Amazon changes their HTML structure frequently. CSS selectors that work today may break tomorrow. Always test your selectors and build in error handling. For production use, consider an API-based approach that maintains selectors for you.

Scraping Search Results

# search_scraper.py
def scrape_amazon_search(keyword: str, pages: int = 3) -> list:
    """Scrape Amazon search results for a keyword."""
    products = []

    for page in range(1, pages + 1):
        url = (
            f"https://www.amazon.com/s?k={keyword.replace(' ', '+')}"
            f"&page={page}"
        )
        resp = requests.get(url, headers=HEADERS, timeout=15)
        soup = BeautifulSoup(resp.text, "lxml")

        for item in soup.select('[data-component-type="s-search-result"]'):
            title_el = item.select_one("h2 a span")
            price_el = item.select_one(".a-price .a-offscreen")
            rating_el = item.select_one(".a-icon-alt")
            reviews_el = item.select_one(
                '[aria-label*="stars"] + span'
            )
            link_el = item.select_one("h2 a")

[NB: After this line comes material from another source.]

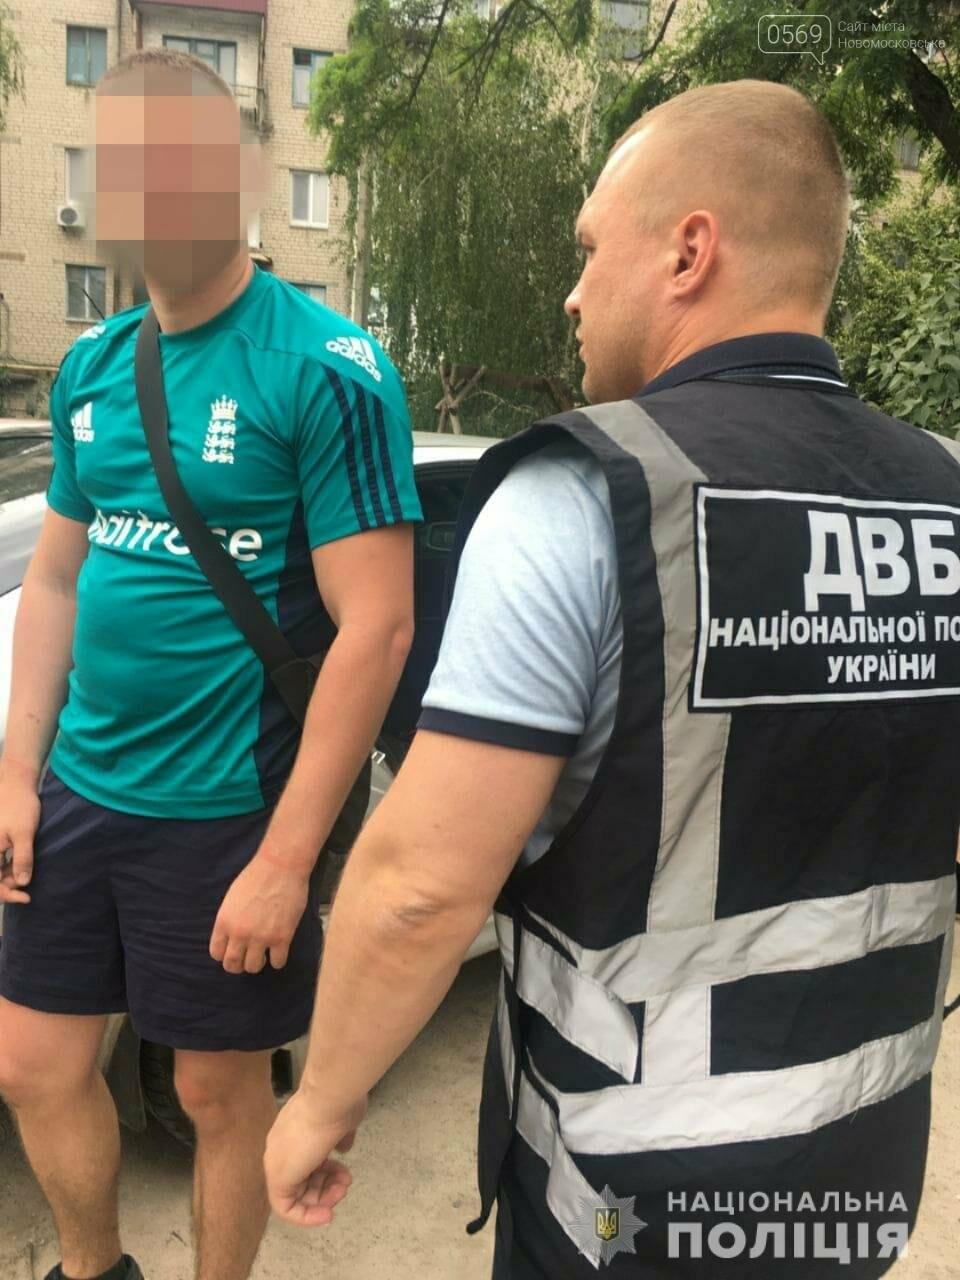 Поліція області затримала злочинну групу квартирних крадіїв-асів, які діяли у місті Новомосковську та в районі, фото-3

            products.append({
                "title": title_el.text.strip() if title_el else None,
                "price": price_el.text.strip() if price_el else None,
                "rating": rating_el.text.strip() if rating_el else None,
                "reviews": reviews_el.text.strip() if reviews_el else None,
                "url": (
                    "https://www.amazon.com" + link_el["href"]
                    if link_el else None
                ),
                "asin": item.get("data-asin"),
            })

        # Random delay between pages
        time.sleep(random.uniform(3, 8))

    return products

results = scrape_amazon_search("wireless earbuds", pages=2)
print(f"Found {len(results)} products")

Method 2: Playwright (Headless Browser)

Amazon heavily relies on JavaScript for dynamic content — lazy-loaded images, price updates, variant selectors, and review widgets. Playwright renders the full page like a real browser, giving you access to all dynamic content.

Install

pip install playwright
playwright install chromium

Full-Render Amazon Scraper

# playwright_amazon.py
import asyncio
from playwright.async_api import async_playwright
import json

async def scrape_amazon_product(asin: str) -> dict:
    async with async_playwright() as p:
        browser = await p.chromium.launch(headless=True)
        context = await browser.new_context(
            user_agent=(
                "Mozilla/5.0 (Macintosh; Intel Mac OS X 10_15_7) "
                "AppleWebKit/537.36 (KHTML, like Gecko) "
                "Chrome/125.0.0.0 Safari/537.36"
            ),
            viewport={"width": 1920, "height": 1080},
            locale="en-US",
        )

        page = await context.new_page()

        # Block unnecessary resources for speed
        await page.route("**/*.{png,jpg,jpeg,gif,svg,ico}", 
                         lambda route: route.abort())
        await page.route("**/ads/**", lambda route: route.abort())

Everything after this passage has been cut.